Now something really disturbing happens and two of my favorite people from the Housewives universe start fighting for absolutely no reason. And I hate to choose sides here because I adore both of you but why Camille? Why all of a sudden try to belittle Lisa’s ownership of her restaurants? Aren’t you trying to prove the point that you shouldn’t be discussing Adrienne’s stake in the Palms? And the way you’re going to prove that point is go after Lisa for the same thing? Not cool Camille. Two wrongs do not a right make. Also, don’t go after the Queen. Just don’t do it. It never ends well. Besides, owning 51% of something and owning 2% of something are entirely different things.

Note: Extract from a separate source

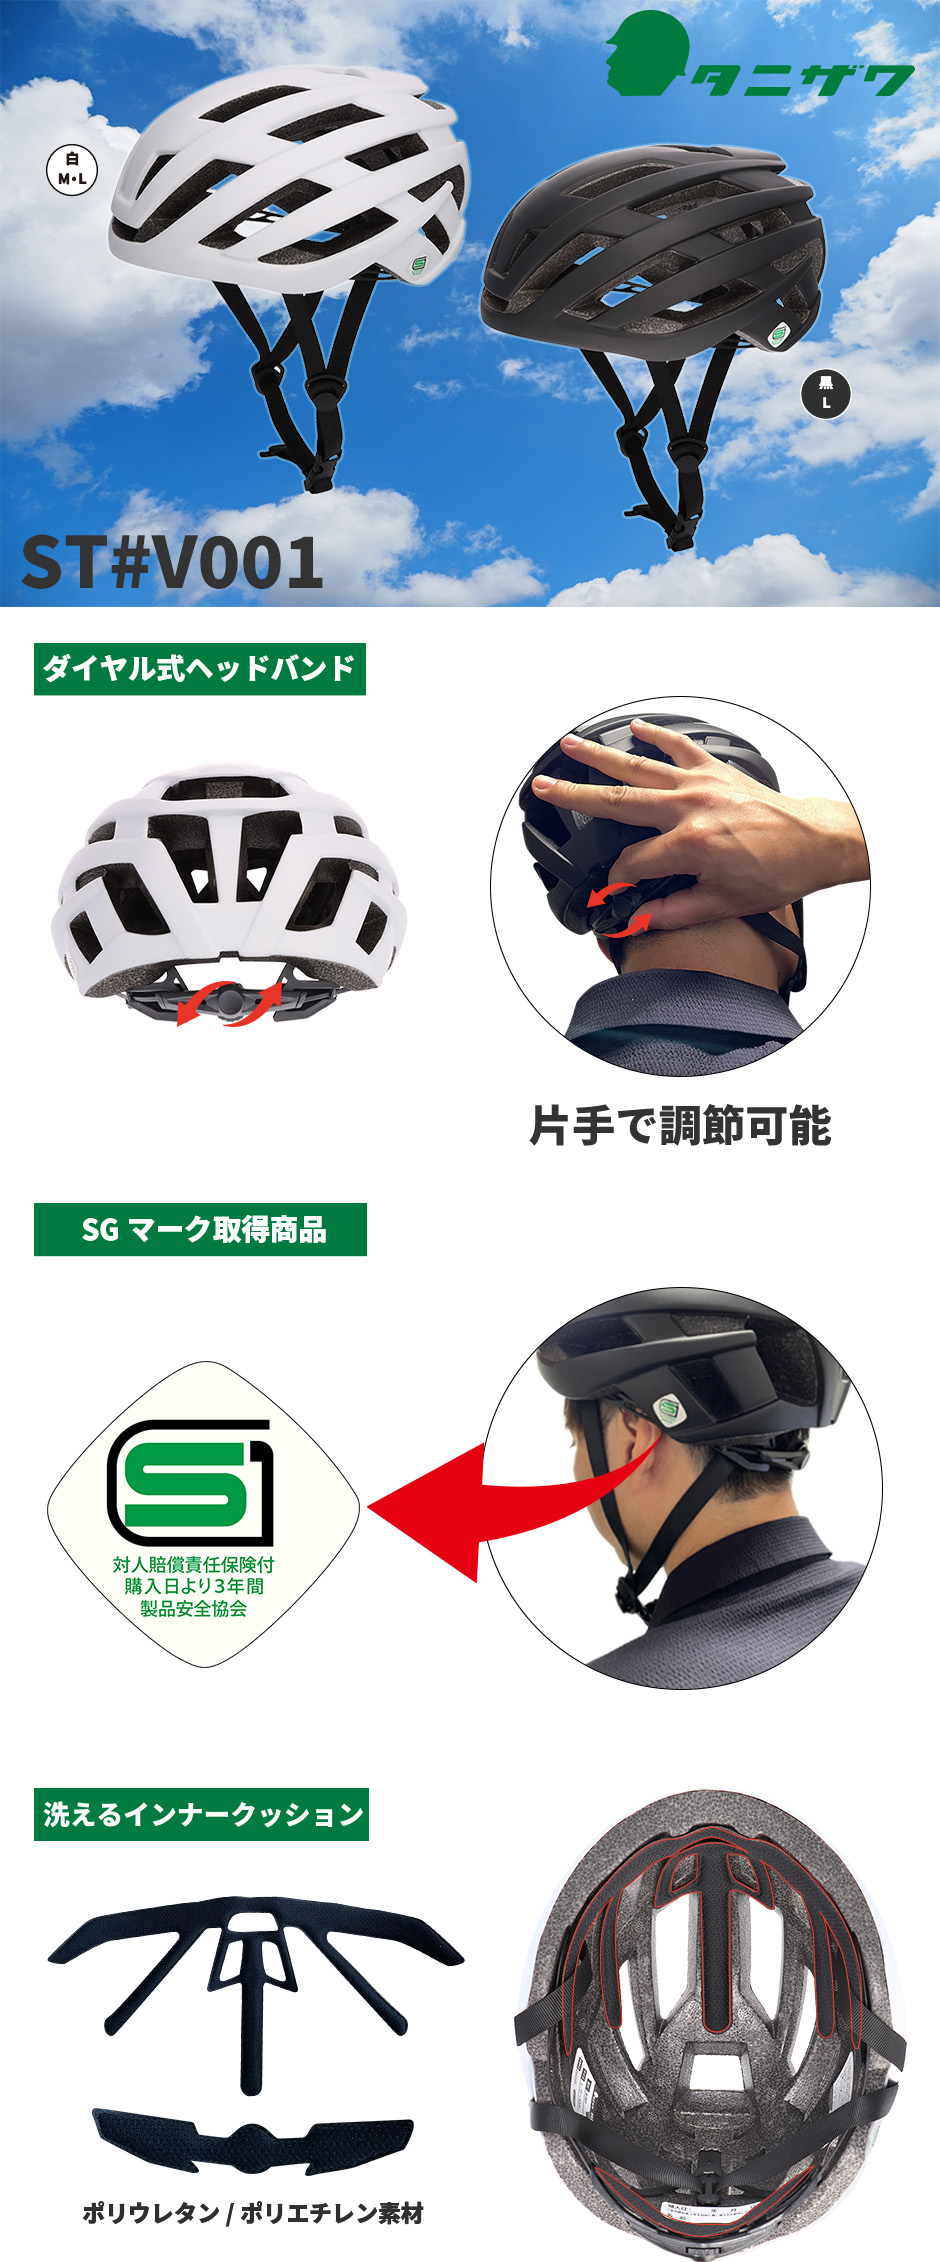 ST#V001 谷沢製作所 自転車用ヘルメット SG規格 自転車 ヘルメット 義務化対応 簡単調整

(Not a good look sweetcheeks)
Ken is at home drinking alone and feeding his dog alcohol and it’s all very Vanderperfect.
Back at the table of fun, Kyle is inserting herself into le dramz and Yolanda is like “shut up Kyle, this is none of your business and you keep repeating your stupid opinion and it’s annoying” and point to Yolanda (Yolanda point tally: 2). Kyle and Lisa then start arguing about who’s more fair, and all of sudden Camille is yelling at Yolanda and what’s up with you tonight Camille? She and Brandi then start getting into it again, but Yolanda has to leave because her husband has sent the private jet and the private jet has suddenly arrived and everyone must go get on it now!
Brandi and Camille then have it out a little more at the door and it’s like a broken record and Camille is mad so she leaves and FINI DINNER PARTY. That was a success!
Meanwhile at Casa de Kim, Kyle arrives in a green jumpsuit with an embellished white and gold belt and someone seriously get this woman a stylist. She’s checking in on Kim post surgery. They talk a lot about Kim’s sobriety ZZZZZZZ…..
(This is the exact opposite of what I looked like watching this episode)
Now there’s a montage that switches between Kyle and Kim talking about Vegas and Lisa and Ken talking about Vegas. They discuss the whole evening, and Lisa is mad because Kyle defends everyone except Lisa and that is completely true and watcha gotta say bout DOT KYLE? Why don’t you Vanderdefend Your Highness Vanderpoomp you little tacky thing you? Kyle is defending her position by saying how hard it is to have to talk about the Adrienne/Brandi situation all the time and if you would like to continue dis pity party Kyle I will PO YOU SOME O DAT TEA PLAYGIRL. POOR YOU KYLE! I am so sorry you have to discuss the thing that you consistently bring up at every social event. And this point that you’re making about how you’re mad that Lisa always defends Brandi whenever it’s brought up is retarded because you do the exact same thing with Adrienne. Go home Kyle, you are guilty of so many kinds of hypocrisy.
So we leave this episode and I’m shocked and saddened. I’m shocked that Yolanda is walking out of this episode with a positive point tally and I’m saddened that Saint Camille Grammer and Your Highness Vanderpoomp came to blows. Contrary to the title of this blog I know you have not fallen, you have merely misstepped. You can fix this Camille, I love you and will forgive you for tonight, but I think you owe Lisa a Vanderapology I’d appreciate it if it was done publicly and in the form of dance.